Website hacks have been consistently on the rise for years now. Here’s just one example:
In March 2015, a security vulnerability was identified in two WordPress plugins by Yoast. One of them—WordPress SEO by Yoast—is one of the most popular plugin for WordPress, meaning that this security vulnerability put a large number of websites at risk of attack from black-hat hackers.
By mid-April, it was discovered that misuse of several functions commonly used by WordPress plugin developers have made those plugins vulnerable to what is known as Cross-Site Scripting (XSS), a common application hacking technique which enables attackers to inject a client-side script into site pages. This vulnerability can give access to sensitive data like credit card numbers, personal information, social security numbers, even medical records.
Millions of Websites Potentially Affected
Website security company Sucuri noted that dozens of WordPress plugins were affected by this vulnerability. It is hard to give exact figures, but considering that WordPress runs nearly 30% of the internet, the number of sites potentially affected by this single vulnerability is huge.
Unfortunately, these sorts of website hacks happen all the time. Hackers regularly exploit website security vulnerabilities, leak data, and, in some cases, hold your website or important documents hostage for real money. If you’re not paying regular attention to these issues as they arise, your site could be next.
How do these hacks even happen?
Hackers usually use search engines to identify common website security vulnerabilities. They then exploit these vulnerabilities by injecting malicious code into your site using the newly discovered security gap.
In other words, before you realized what has happened, your site is infecting user devices with viruses, forwarding to a porn site, bloated with spammy, SEO-killing content, or in extreme cases, the victim of ransomware, where a website or document is held hostage until the victim pays a price
Okay, we don’t mean to scare you! Your website is probably fine, but just in case you’d like to prevent this from happening, what can you do?
Stay away from DIY websites
Part of the problem is that we are living in the age of DIY websites. ‘Free’ website building tools and inexpensive web hosting have broken down barriers to entry for many aspiring website builders while also increasing vulnerabilities.
Empowering people with easy access to web tools is a great thing, but this also leads to an inevitable increase in security vulnerabilities.
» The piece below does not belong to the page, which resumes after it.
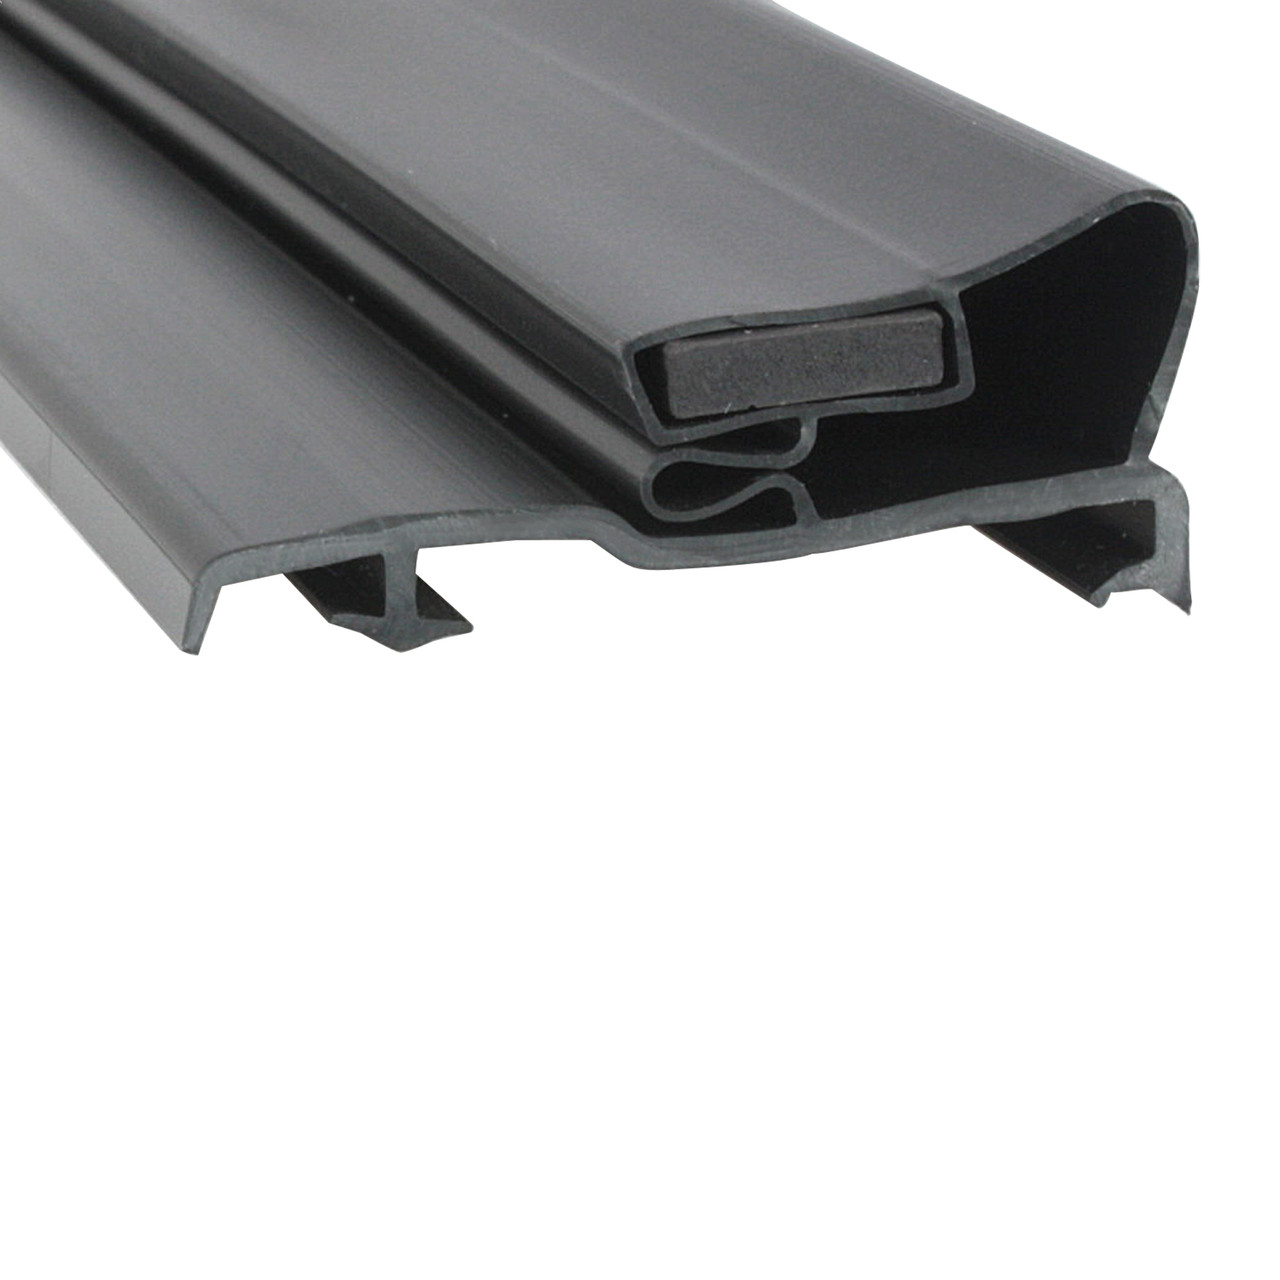 Ardco Door Gasket Profile 290 28 3/4 x 63

What makes many of these tools so useful is also what makes them so vulnerable. Lack of knowledge about web servers, software security, CMS and plugin updates, or poor system administration practices commonly lead to hacked websites.
Five simple things you can do to prevent website hacks:
- Keep your content management system up-to-date with the latest software.
- Use premium or custom themes or plugins when possible. You get what you pay for with anything free. Premium software often includes support and free updates.
- Always run the very latest version of CMS plugins and themes.
- Make sure all users have strong passwords. Remove legacy users.
- Remove any unused themes or plugins once they are obsolete.
There are of course many, many other things you can do to make your website more secure, but keeping web software up-to-date and passwords strong are at the top of the list. It is also worth noting that while no system is flawless or impenetrable, the WordPress core is very secure. The overwhelming majority of of vulnerabilities are introduced by plugins or not keeping software up-to-date.
If you are the least bit unfamiliar with any of the above terms or how to accomplish these tasks, call a web developer or a company that builds websites. It may cost you extra money, but the expenditure will be far greater if you wait until after your site has been hacked. Your peace-of-mind is worth the expense in the long run.
Check your passwords!
Everyone knows they should use complex passwords, but that doesn’t mean they always do. It is crucial to use strong passwords to your server and website admin area, but equally also important to insist on good password practices for your users to protect the security of their accounts.
As much as users may not like it, enforcing password requirements such as a minimum of around eight characters, including an uppercase letter and number will help to protect their information in the long run.
To sum up
Good website security starts with you! Choosing a reliable website builder or hosting provider, making sensible choices about how you run your site, and putting in the extra effort to make passwords secure. And don’t forget that we’re here to help you along the way!
Hopefully you’ve learned how to secure a website, and have found it’s not as hard as you first thought. You don’t need tech skills or a huge budget to make your website secure – as our list has shown!